Fonseca Nuno A, Camacho Rui, Magalhães A L
IBMC and LIACC, R. Campo Alegre, 1021/1055, 4169-007 Porto, Portugal.
Proteins. 2008 Jan 1;70(1):188-96. doi: 10.1002/prot.21525.
A systematic survey was carried out in an unbiased sample of 815 protein chains with a maximum of 20% homology selected from the Protein Data Bank, whose structures were solved at a resolution higher than 1.6 A and with a R-factor lower than 25%. A set of 5556 subsequences with alpha-helix or 3(10)-helix motifs was extracted from the protein chains considered. Global and local propensities were then calculated for all possible amino acid pairs of the type (i, i + 1), (i, i + 2), (i, i + 3), and (i, i + 4), starting at the relevant helical positions N1, N2, N3, C3, C2, C1, and N-int (interior positions), and also at the first nonhelical positions in both termini of the helices, namely, N-cap and C-cap. The statistical analysis of the propensity values has shown that pairing is significantly dependent on the type of the amino acids and on the position of the pair. A few sequences of three and four amino acids were selected and their high prevalence in helices is outlined in this work. The Glu-Lys-Tyr-Pro sequence shows a peculiar distribution in proteins, which may suggest a relevant structural role in alpha-helices when Pro is located at the C-cap position. A bioinformatics tool was developed, which updates automatically and periodically the results and makes them available in a web site.

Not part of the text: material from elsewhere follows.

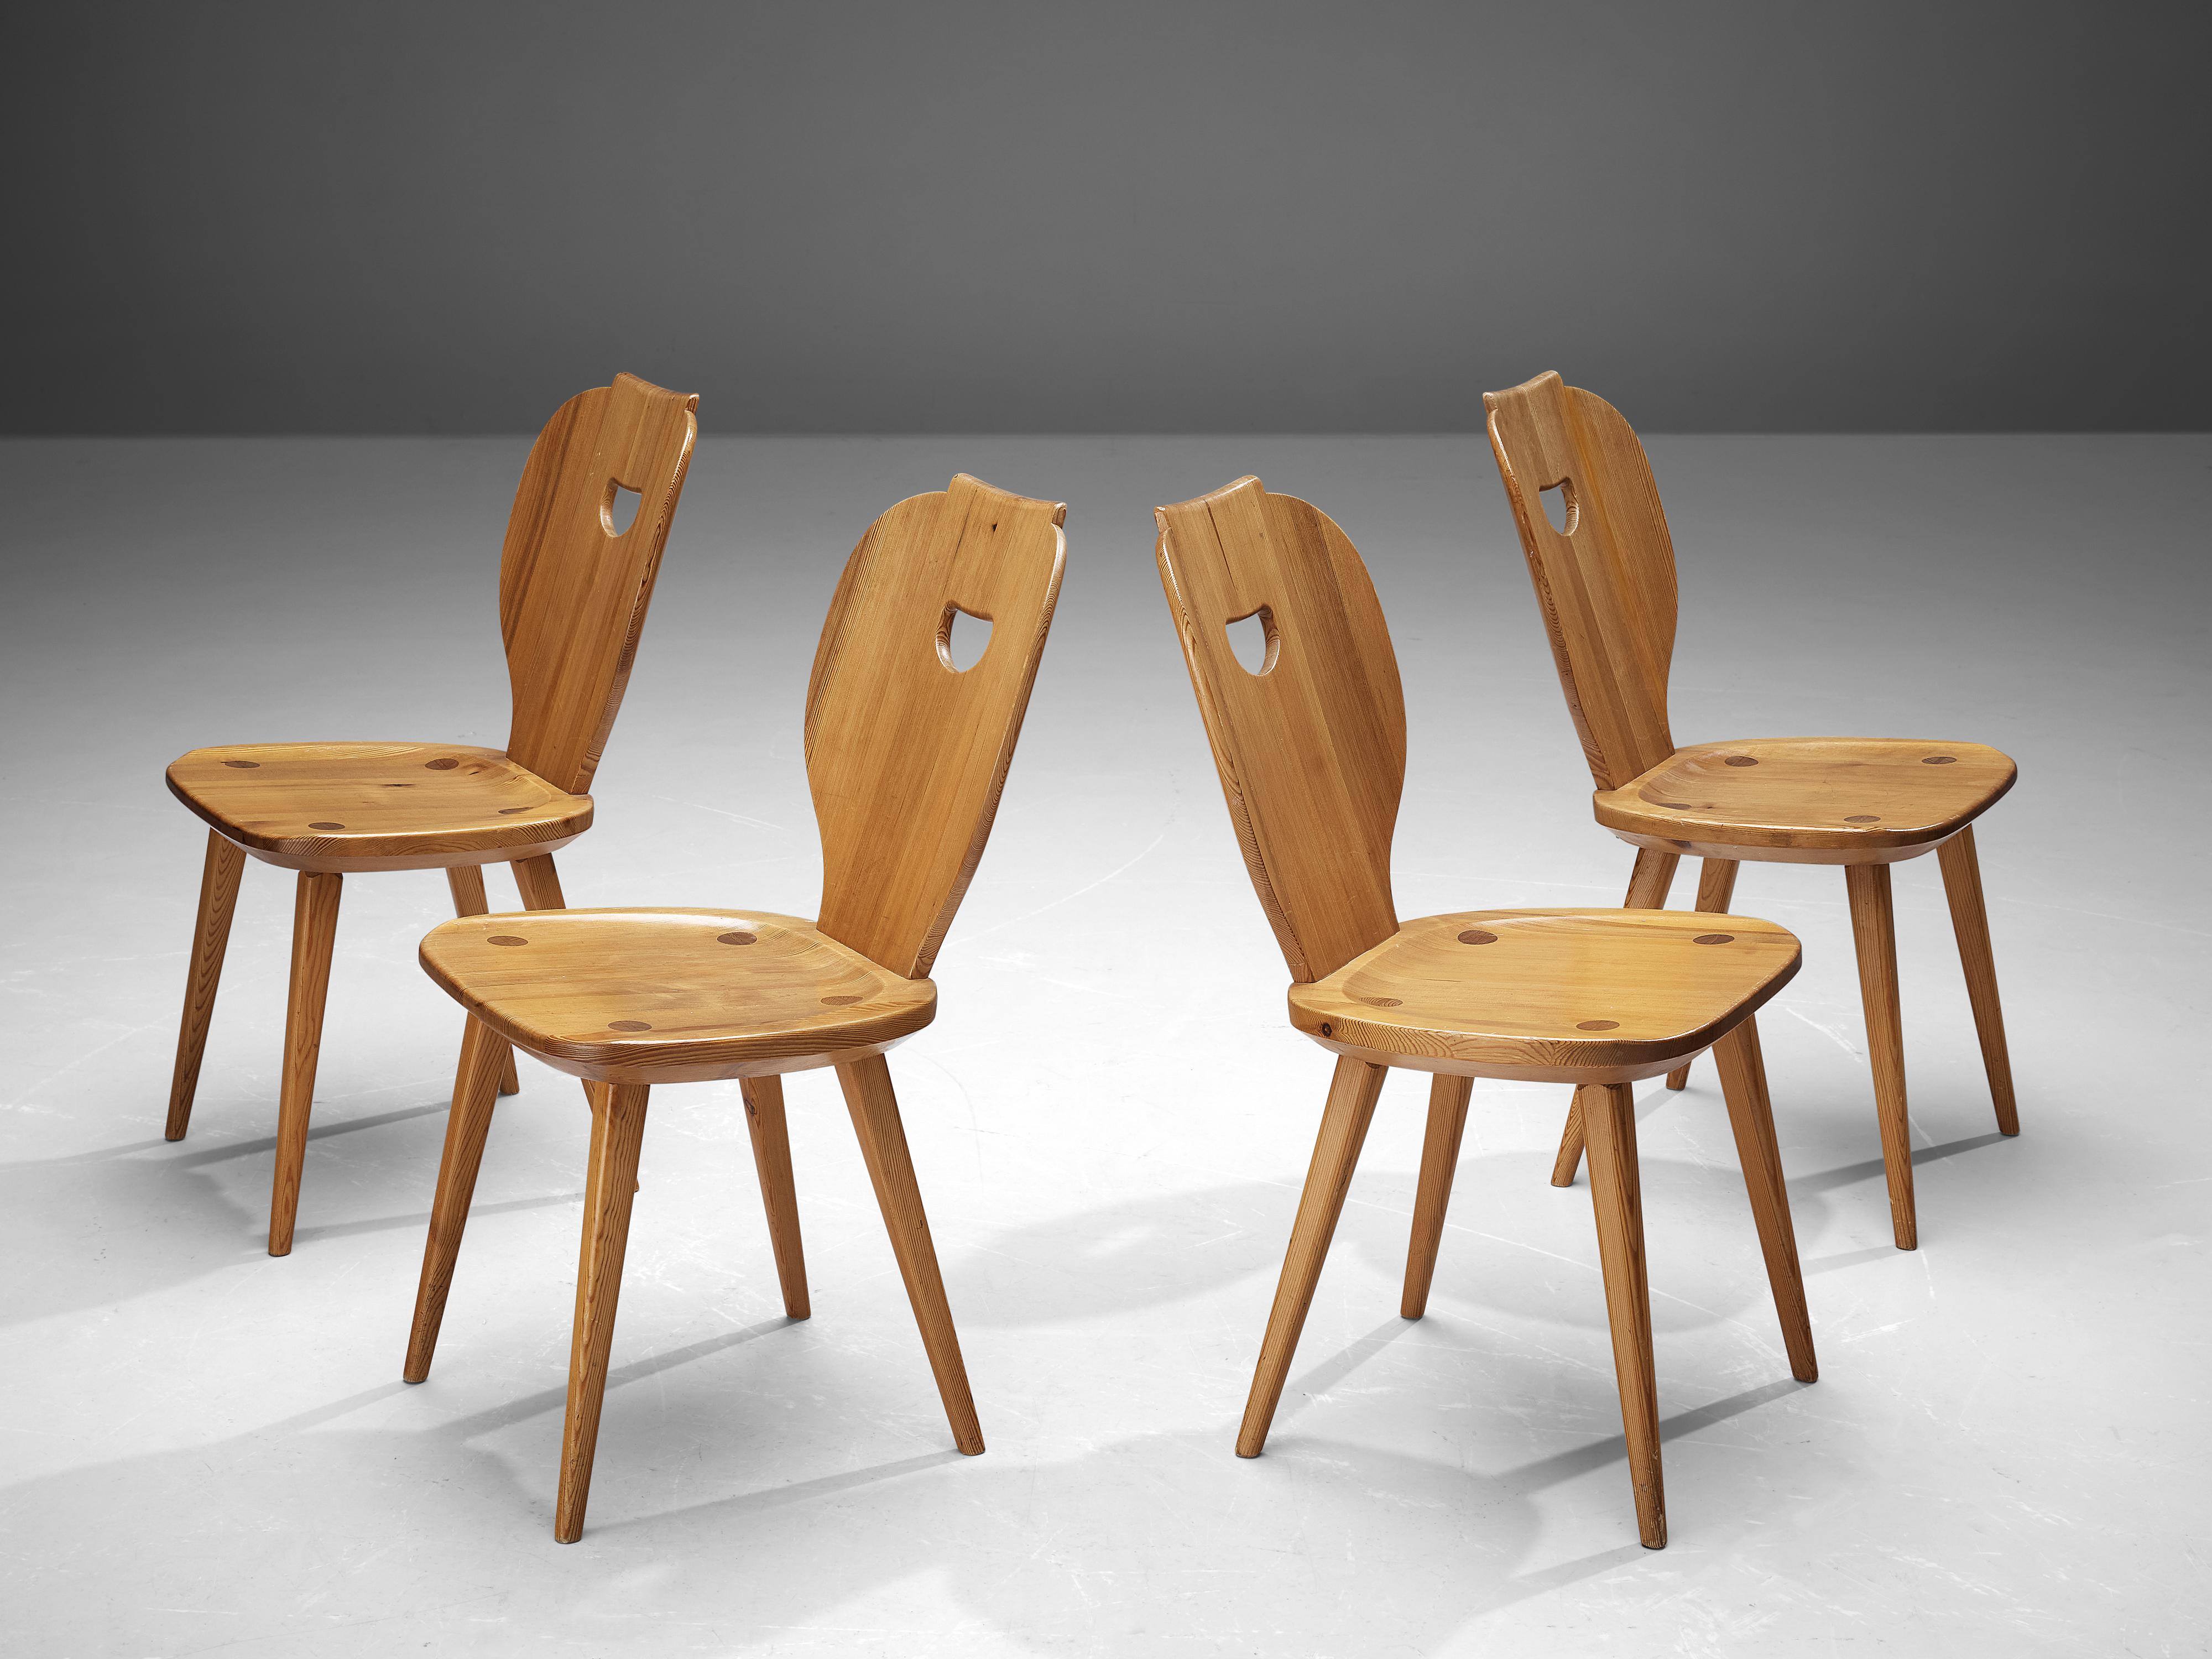 Carl Malmsten for Svensk Fur, dining chairs model 'Sörgården', pine, Sweden, 1950s

This set of four dining chairs designed by Malmsten and manufactured by Svensk Fur combines comfort with functional and visual aspects. Not only provides Malmsten's

在从蛋白质数据库中选取的815条蛋白质链的无偏样本中进行了系统调查,这些蛋白质链的同源性最高为20%,其结构解析分辨率高于1.6 Å,R因子低于25%。从所考虑的蛋白质链中提取了一组5556个具有α-螺旋或3(10)-螺旋基序的子序列。然后从相关螺旋位置N1、N2、N3、C3、C2、C1和N-int(内部位置)开始,以及在螺旋两端的第一个非螺旋位置,即N-帽和C-帽,计算类型为(i, i + 1)、(i, i + 2)、(i, i + 3)和(i, i + 4)的所有可能氨基酸对的全局和局部倾向。倾向值的统计分析表明,配对显著依赖于氨基酸类型和配对位置。选择了一些由三个和四个氨基酸组成的序列,并概述了它们在螺旋中的高出现率。Glu-Lys-Tyr-Pro序列在蛋白质中呈现出特殊分布,当Pro位于C-帽位置时,这可能表明其在α-螺旋中具有相关的结构作用。开发了一种生物信息学工具,该工具会自动定期更新结果并在网站上提供这些结果。